# I lug a lost Nut



## Patman (May 7, 2011)

If you couldn't figure that out: Somehow I lost a lug nut! I happened to go out to the garage and something looked strange. Sure as **** I was missing a lug nut. I was not the last to touch the car the purchasing dealer was. SO I went to O Rilies and they sold me a lug nut that did not look right for 2.50 When I got it home My standard 3/4 lug wrench would not fit so I returned it and the lady working there said it should be a 13/16 That being true the thread probably wasn't right either. She was ready to put it on with a 13/16 socket I said nope why are the other 19 of them 3/4. Will go to dealer in the morn esp since I am going to Chicago tomorrow. She was upset that I knew what I was talking about!


----------



## spacedout (Dec 7, 2010)

I ALWAYS check my lugnuts with a torque wrench when getting my tires rotated or any other service tires are removed as soon as I get home. Both my dealer and Pomps Tire both must use a torque wrench as all of them are always exactly to spec. 

When I was 17 I almost lost a tire when not using a torque wrench, was about 60+ miles and all of a sudden the car started shaking violently. Almost didn't make it, only had 2 of 5 studs left! That's when I learned to always check using a torque wrench. 

I had a catastrophic failure where the car never shook at all, had not been serviced for over 3 months but all 5 wheel studs snapped off and the tire flew off my car. Needless to say I check this crap often now. 

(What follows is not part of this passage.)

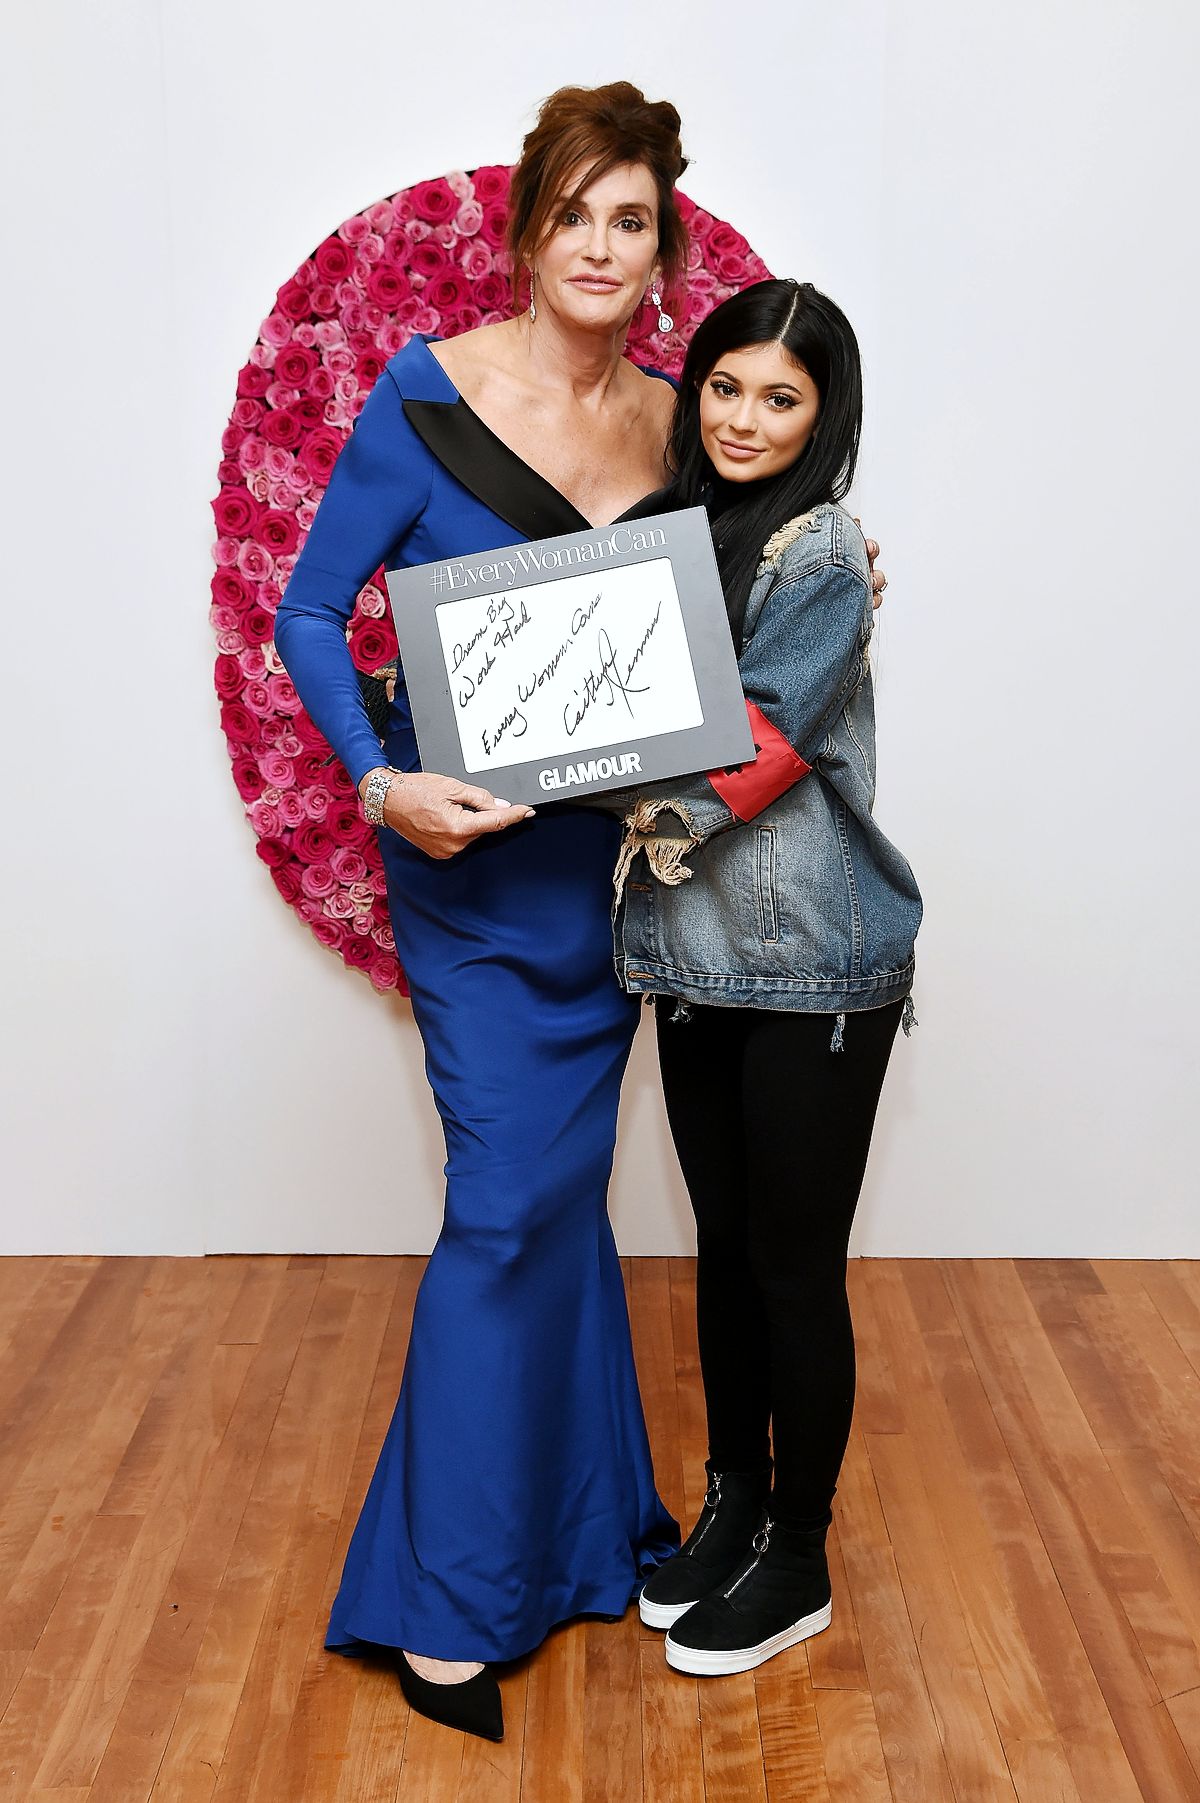 Кейтлин Дженнер и Кайли Дженнер за кулисами Glamour Women of the Year 2015 в Нью-Йорке, 9 ноября 2015 г.

On my last car all the lug nuts tapered edge that seats against the rim had a grove in them from all the idiots using a impact on them. Because of this they would not torque down, one rim was also damaged from the car being driven this way. Ended up replacing all the lug nuts and one rim just to ensure my safely.


----------



## Merc6 (Jun 8, 2013)

I didn't lose a lug but I managed to bend a stud from having them too loose years back. None of the shops could tell me why my car had a shake till I actually went to the dealership. Reason I decided dealership or me would work on my car.


----------



## Patman (May 7, 2011)

OK I bought another one this morning from the dealer no prob. $6

A long time ago I had a set of Cragar wheels on my old Grand Prix and I took one wheel off to check something. When I put it back on I tightened it with a speed wrench and forgot to tighten anymore. On the highway it felt like I had a flat and I got out to check it out and the rear wheel I took off came off. Destroyed my quarter panel and took to flight. No accident just flattened the drum,the quarter panel damage and broke a couple of wheel studs. I did not know where the wheel went and these guys in a train on the other side of traffic said hey guys its over here. The wheel was bent. So I bought another wheel and straightened that one out and used as a spare. I worked at a part store(Nationwise) so I got employee discount on a $75 wheel back about 1990. Road Hazard warranty took care of the tire. 900 for body damage. I learned my lesson!


----------



## Danny5 (Dec 22, 2011)

I put these on my car. It really doesn't matter what the lug looks like, as long as it fits. What's important is that it's 12x1.50


----------



## obermd (Mar 3, 2012)

Thread title is me on many days.


----------



## Jim Frye (Mar 16, 2011)

If you didn't do a drive through penalty, they'll black flag you.


----------